Exercise data —
"""

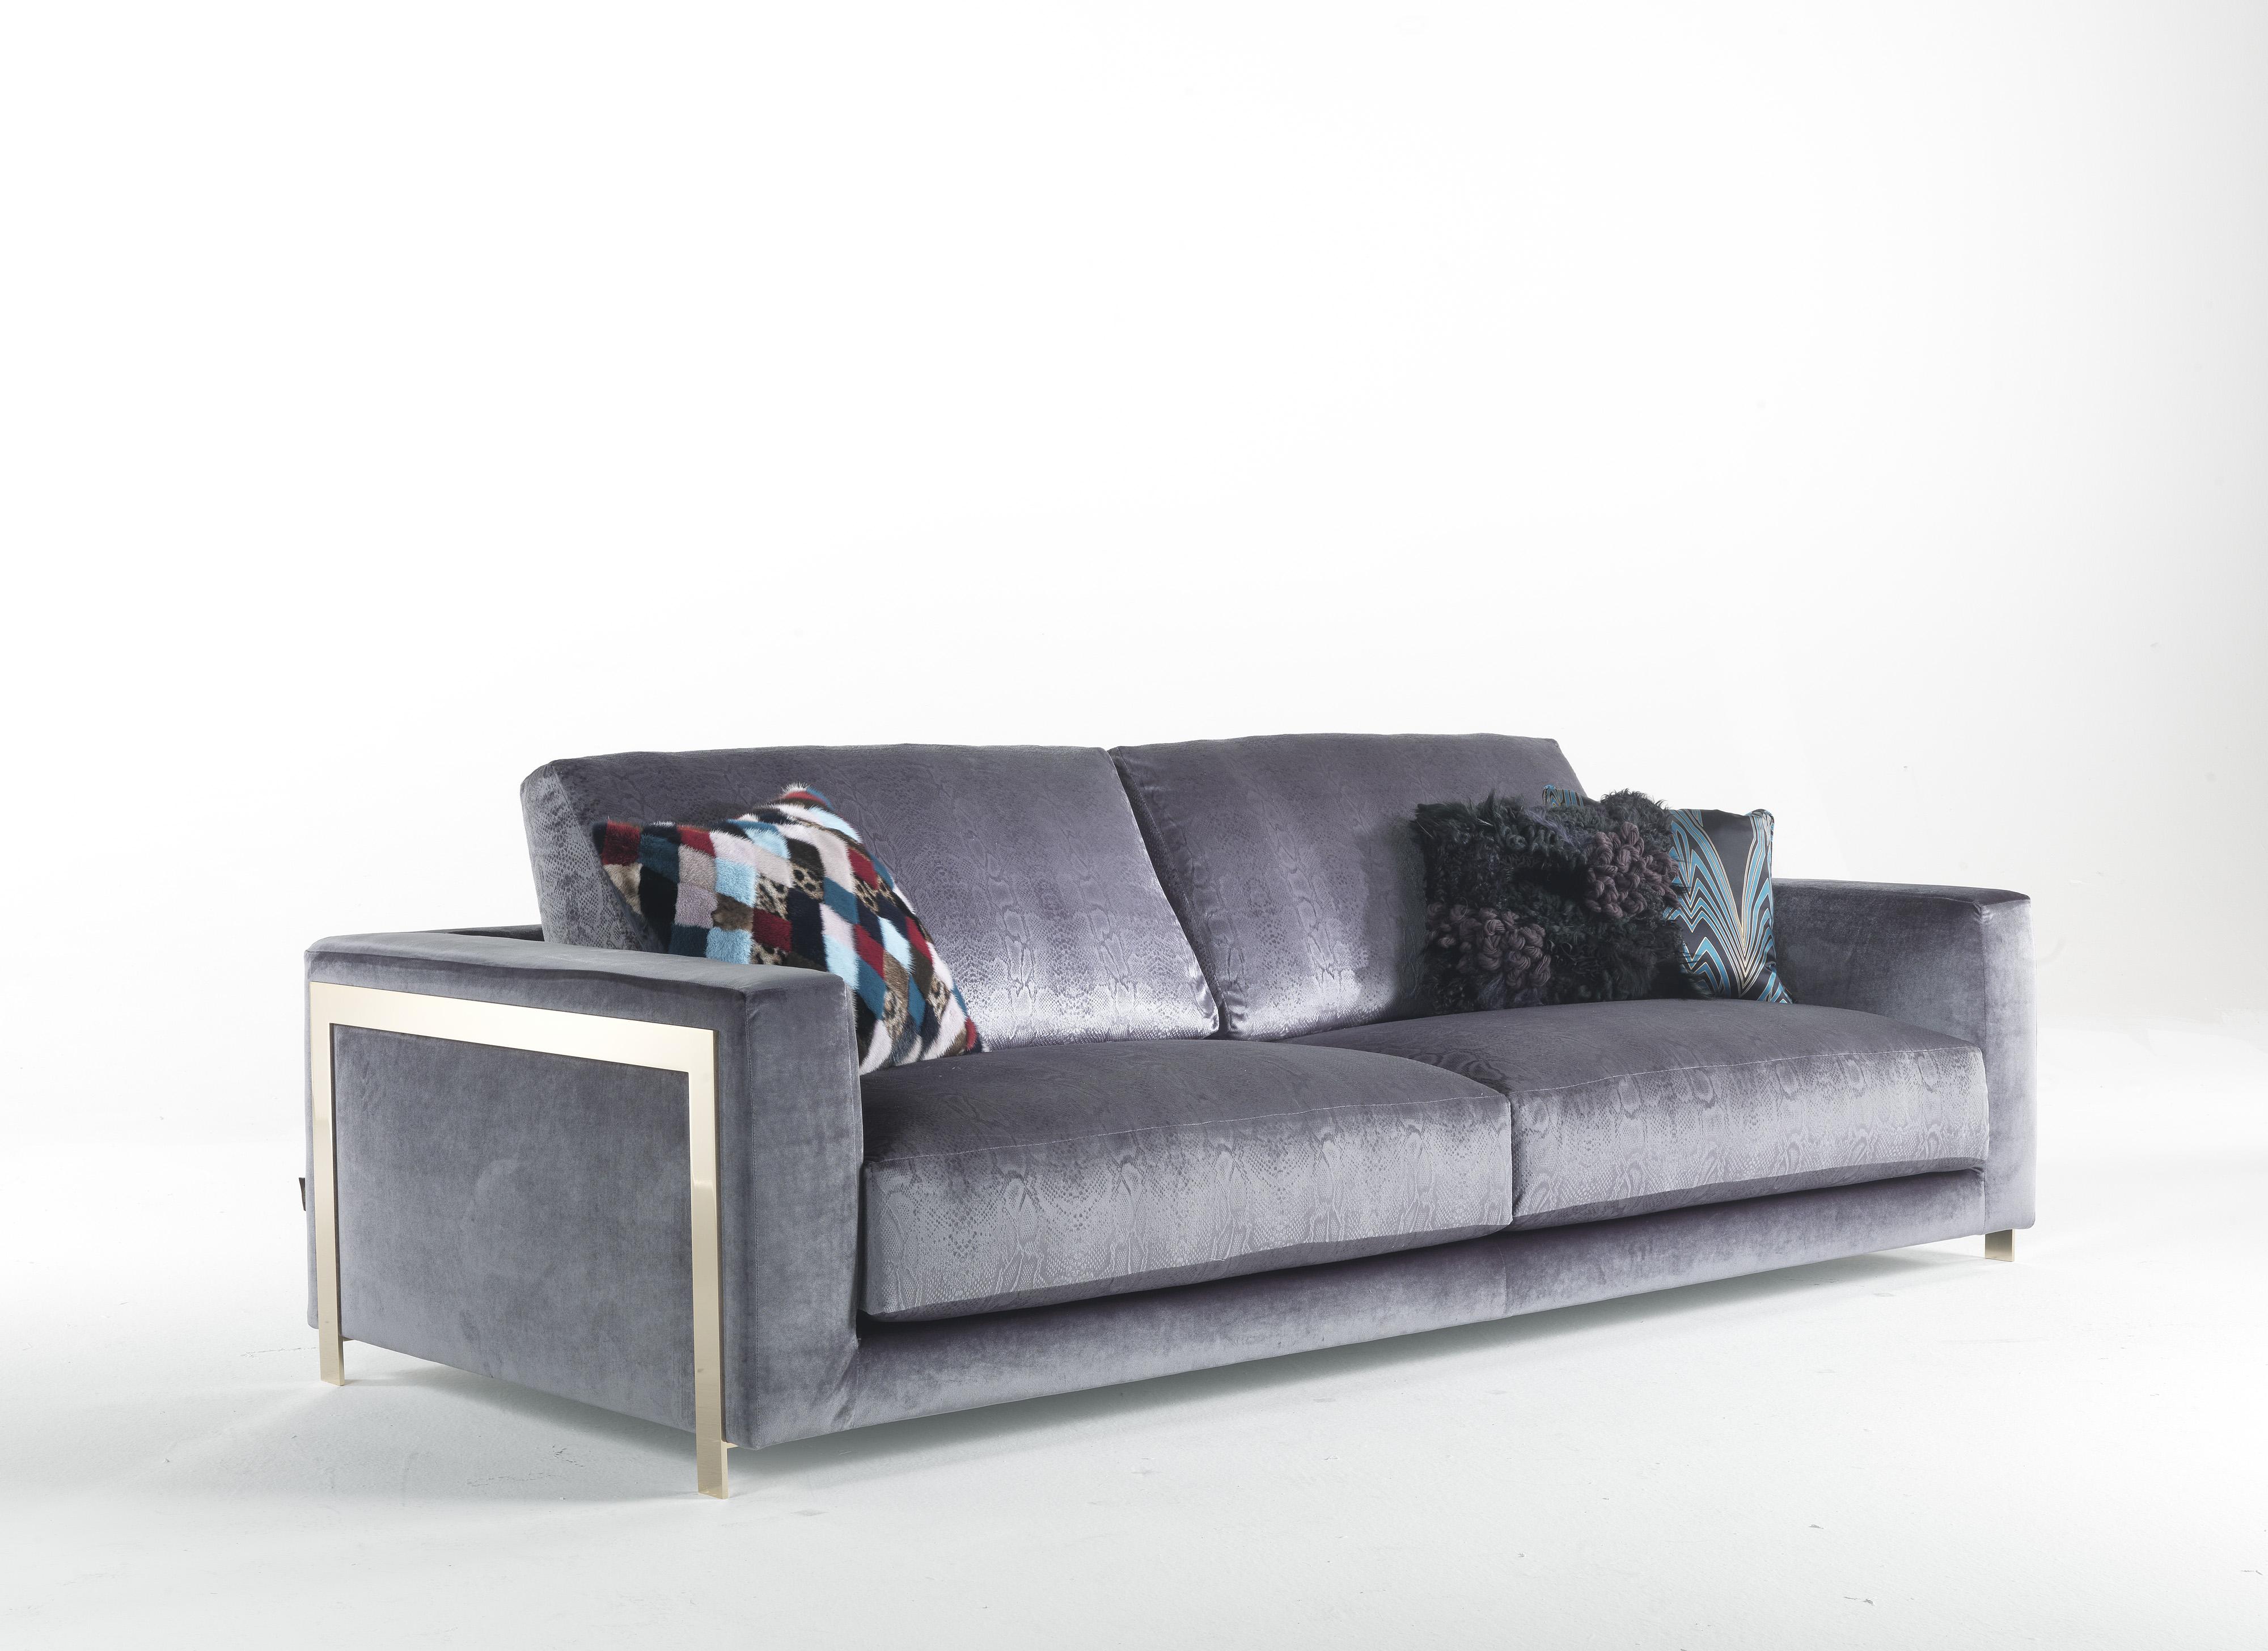 Ein Design-Sofa, das auf dünnen, goldfarbenen Beinen das behagliche Gefühl von einladender Wärme und komfortabler Weichheit vermittelt, die sich vom Boden abhebt.
Manhattan 3-Sitzer Sofa Struktur aus Pappelholz und Schaumstoff. Struktur Polsterung
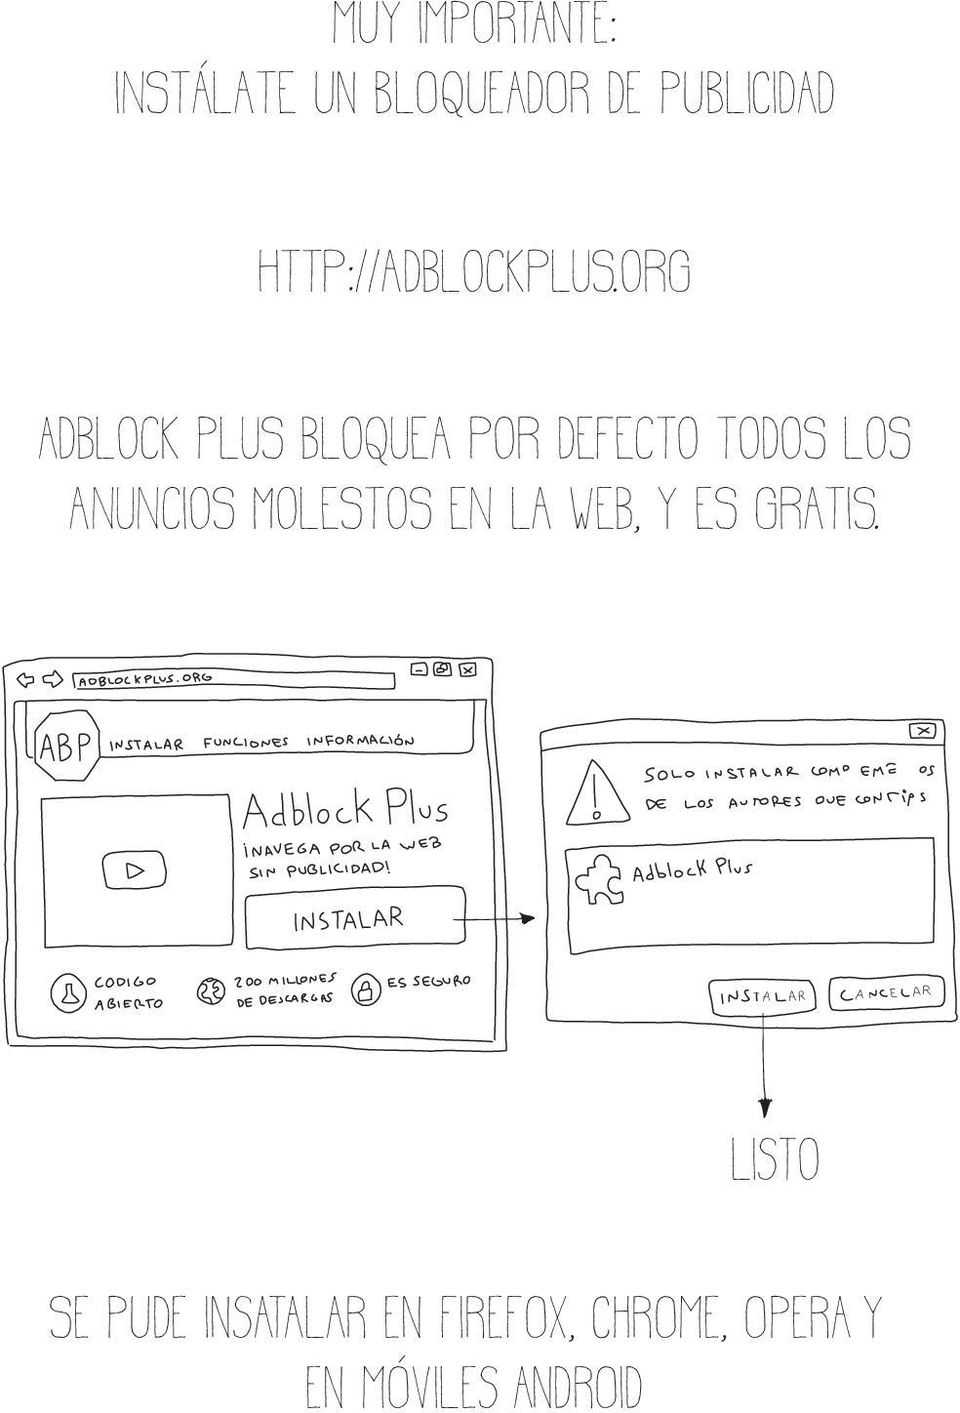 org Adblock Plus bloquea por defecto todos los anuncios
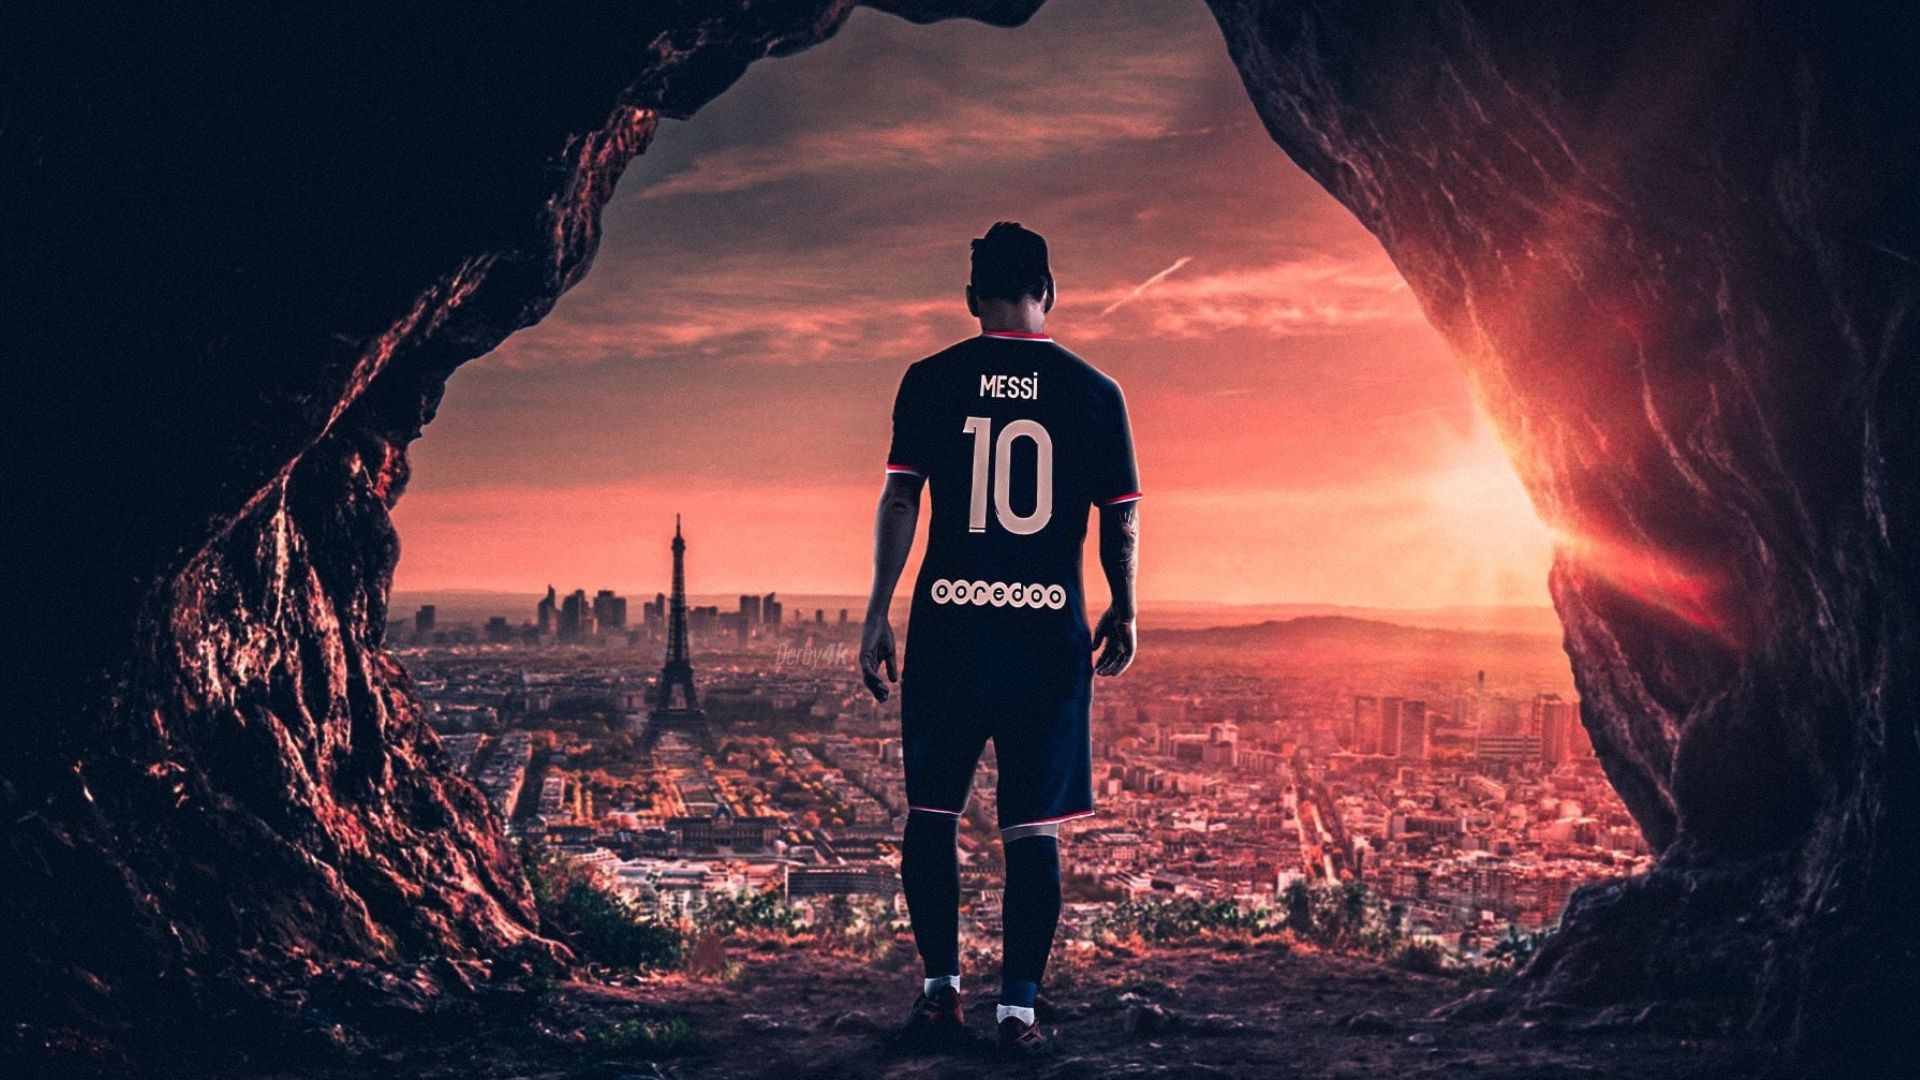 PSG 2022 – một trong những đội bóng danh tiếng nhất trên thế giới với những cầu thủ tài năng sáng giá. Hãy cùng xem những hình ảnh tuyệt đẹp về đội bóng Paris Saint-Germain và đón nhận những cảm xúc thăng hoa trong mỗi trận đấu của đội bóng này.

"""

Write out, exactly and only, the lines from the one containing "Manhattan 3-Sitzer Sofa" through the last line of the material above. Pictures do not go in the copy.

Manhattan 3-Sitzer Sofa Struktur aus Pappelholz und Schaumstoff. Struktur Polsterung
 org Adblock Plus bloquea por defecto todos los anuncios
 PSG 2022 – một trong những đội bóng danh tiếng nhất trên thế giới với những cầu thủ tài năng sáng giá. Hãy cùng xem những hình ảnh tuyệt đẹp về đội bóng Paris Saint-Germain và đón nhận những cảm xúc thăng hoa trong mỗi trận đấu của đội bóng này.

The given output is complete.